* Supplied information
+---+

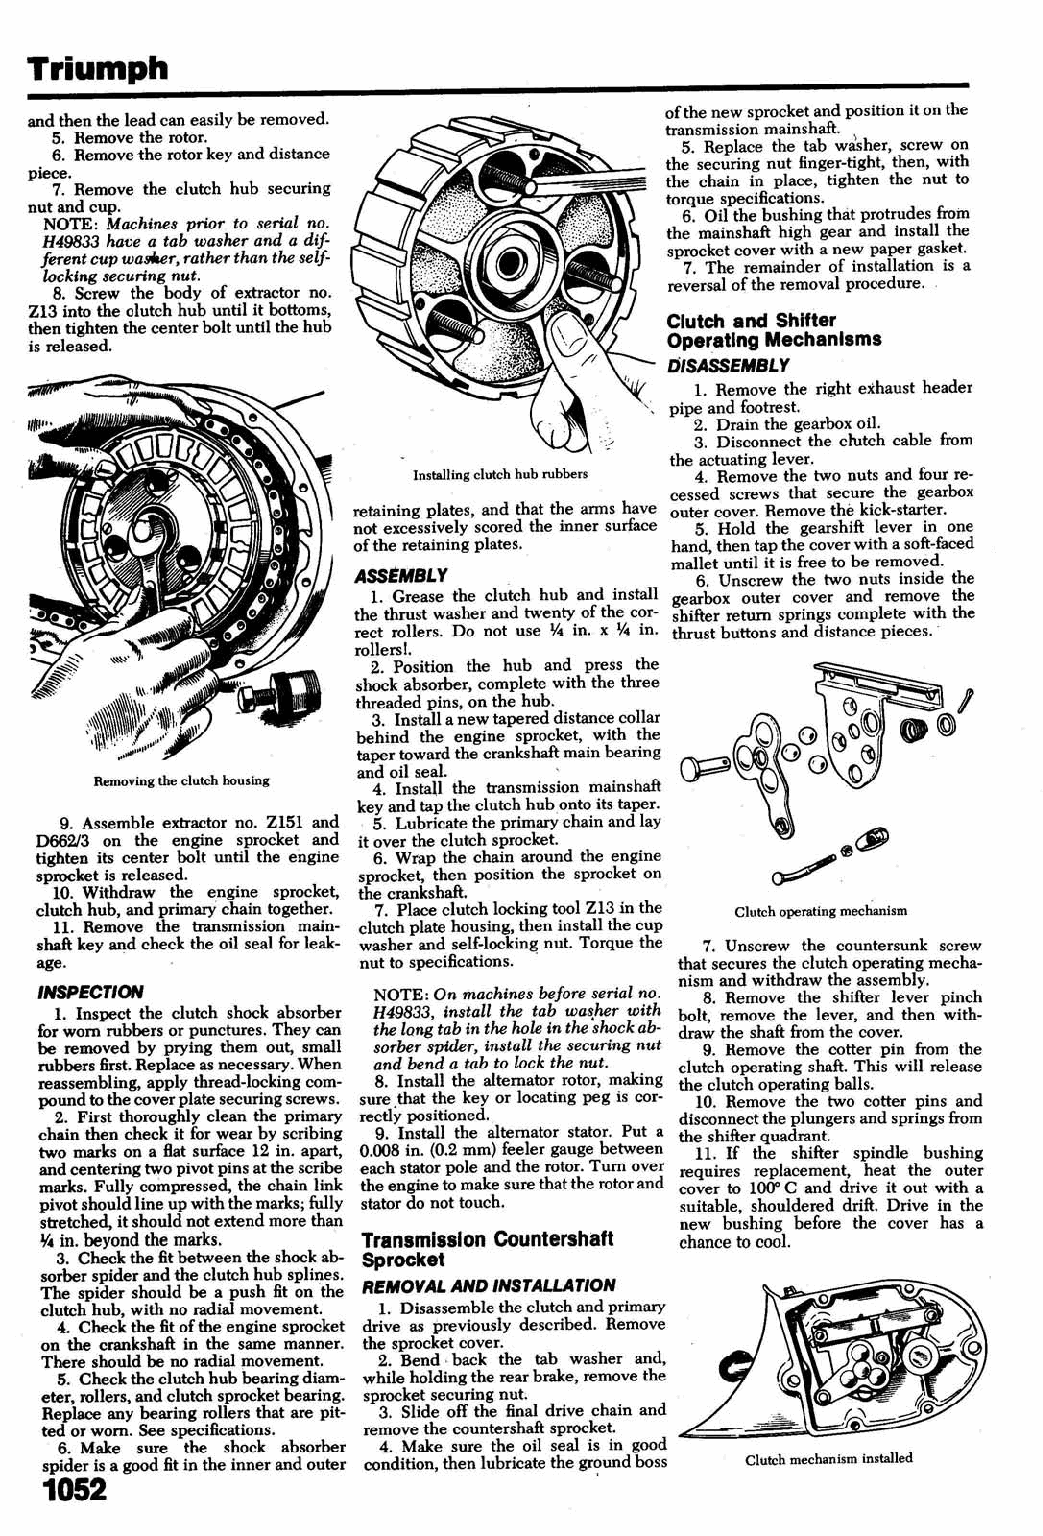 1956-1962 Triumph Bonneville T120 Service Manual
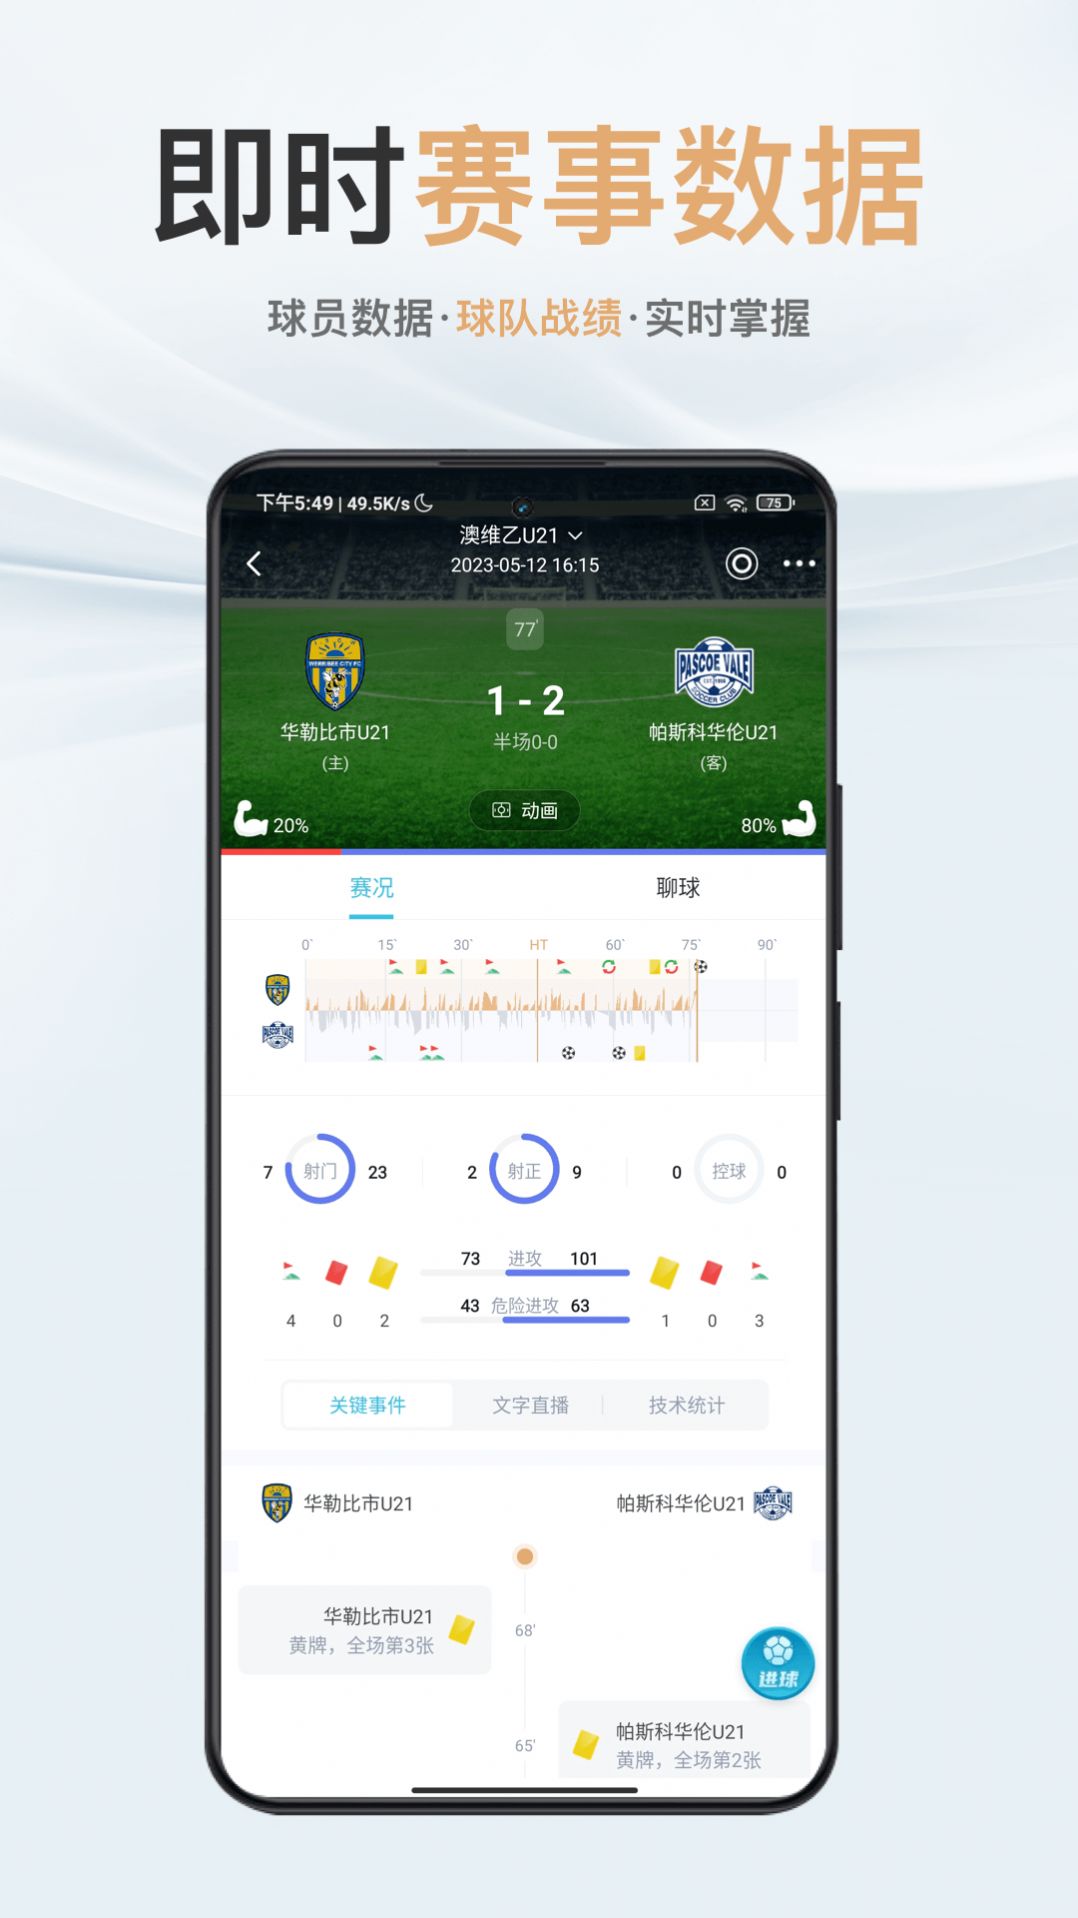 芸豆直播tv足球体育软件免费下载安卓版图片1
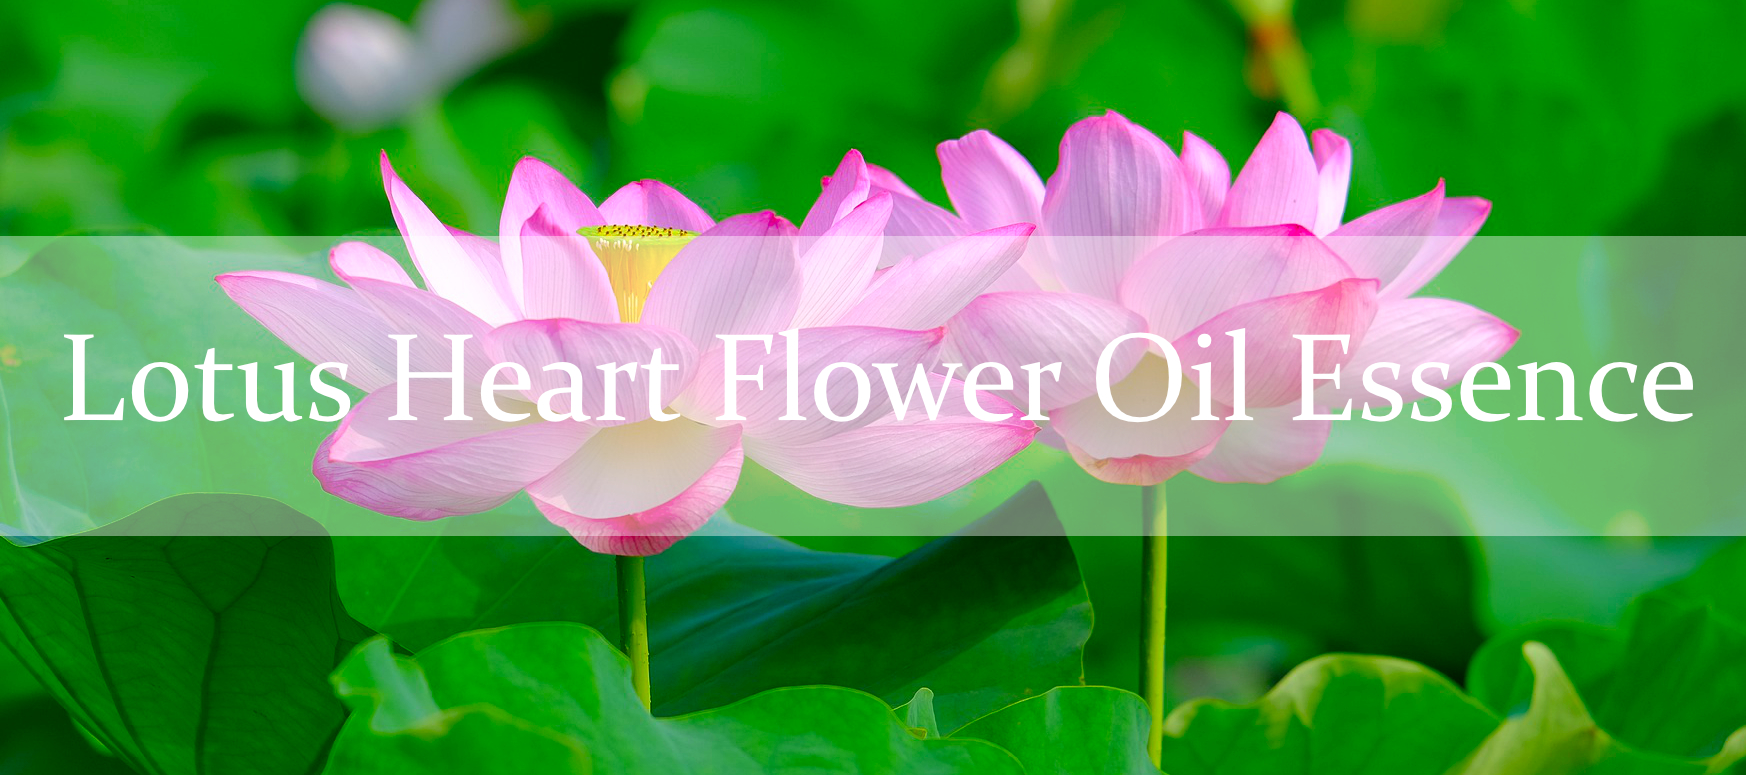 Slideshowbild Lotus Heart Flower Oil Essence
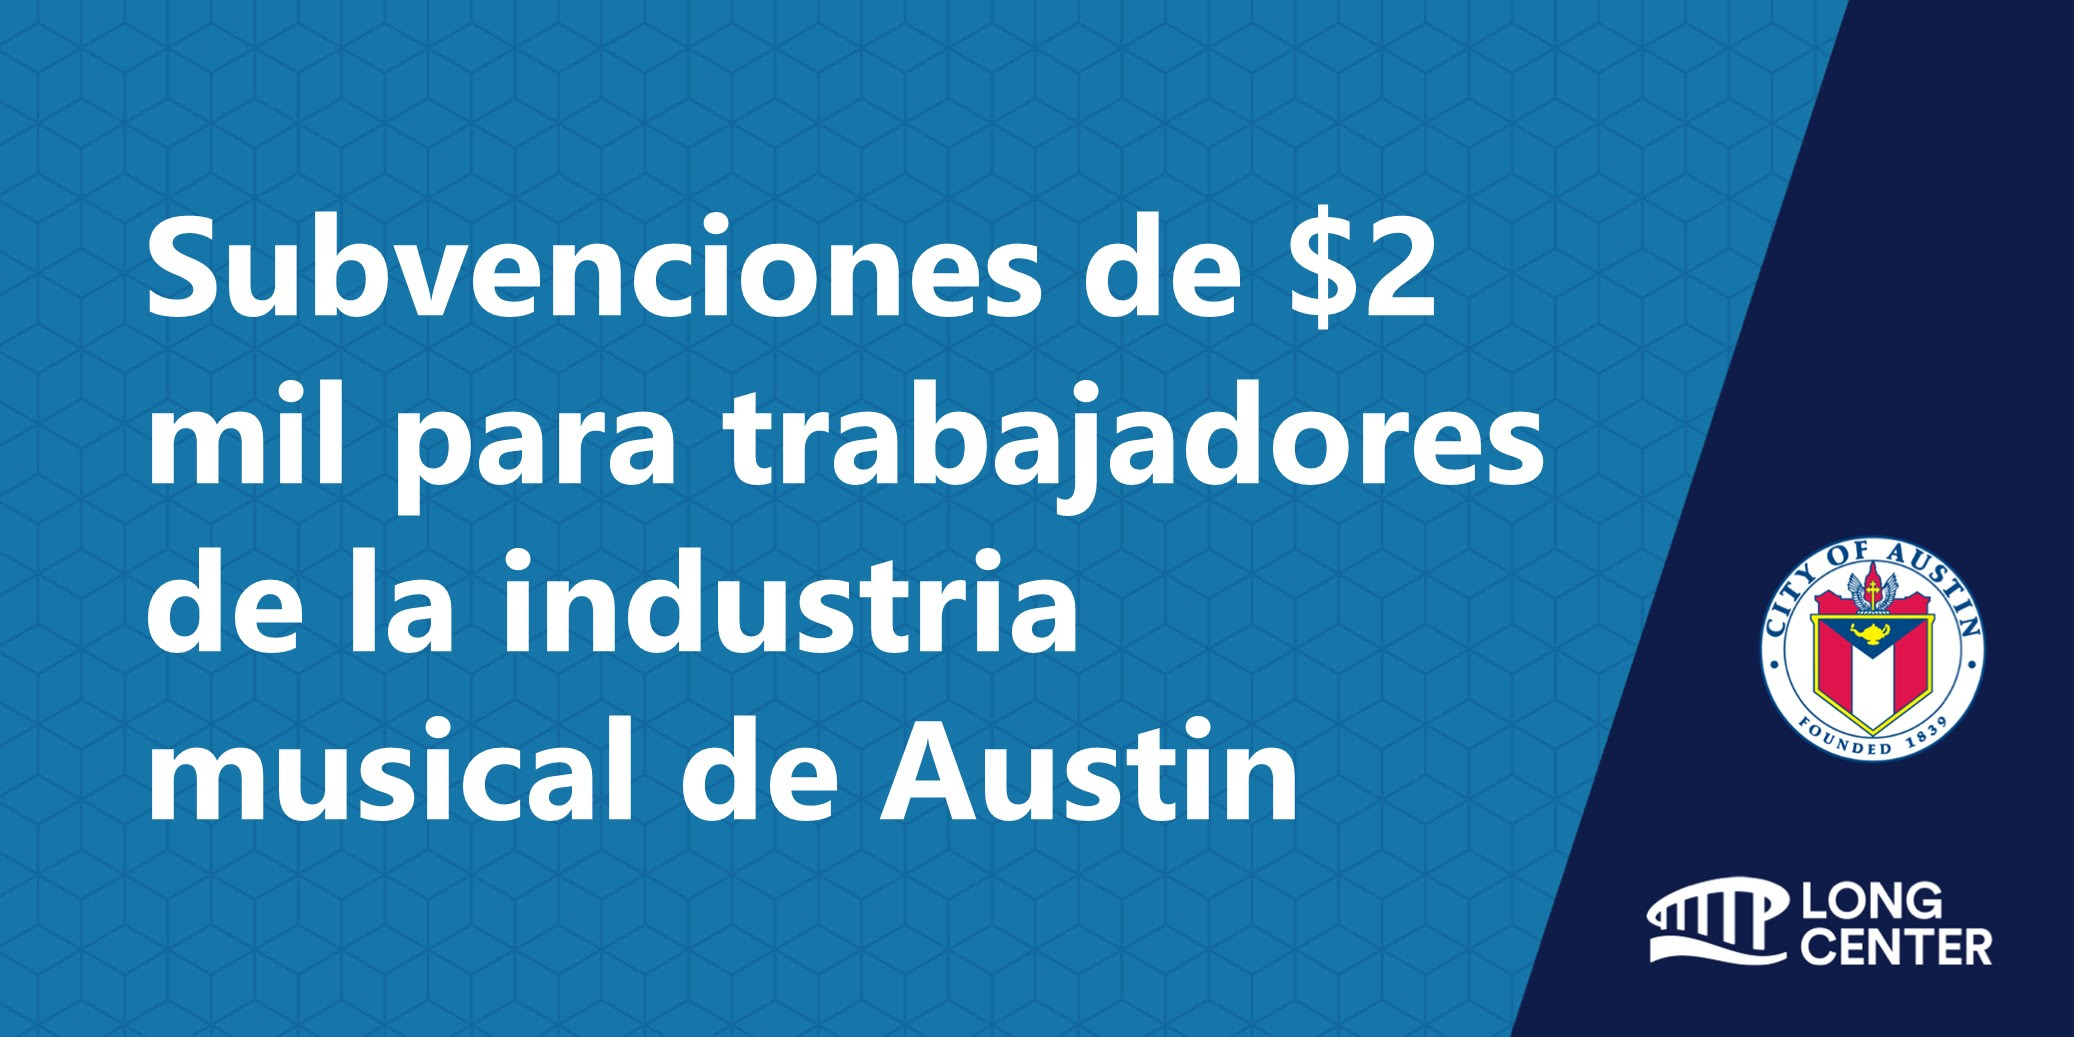 Subvenciones de $2 mil para trabajadores de la industria musical de Austin

+---+

* Exercise description
Your copy of the data should match it exactly, apart from the images, which are omitted.

* Task output
 1956-1962 Triumph Bonneville T120 Service Manual
 芸豆直播tv足球体育软件免费下载安卓版图片1
 Slideshowbild Lotus Heart Flower Oil Essence
 Subvenciones de $2 mil para trabajadores de la industria musical de Austin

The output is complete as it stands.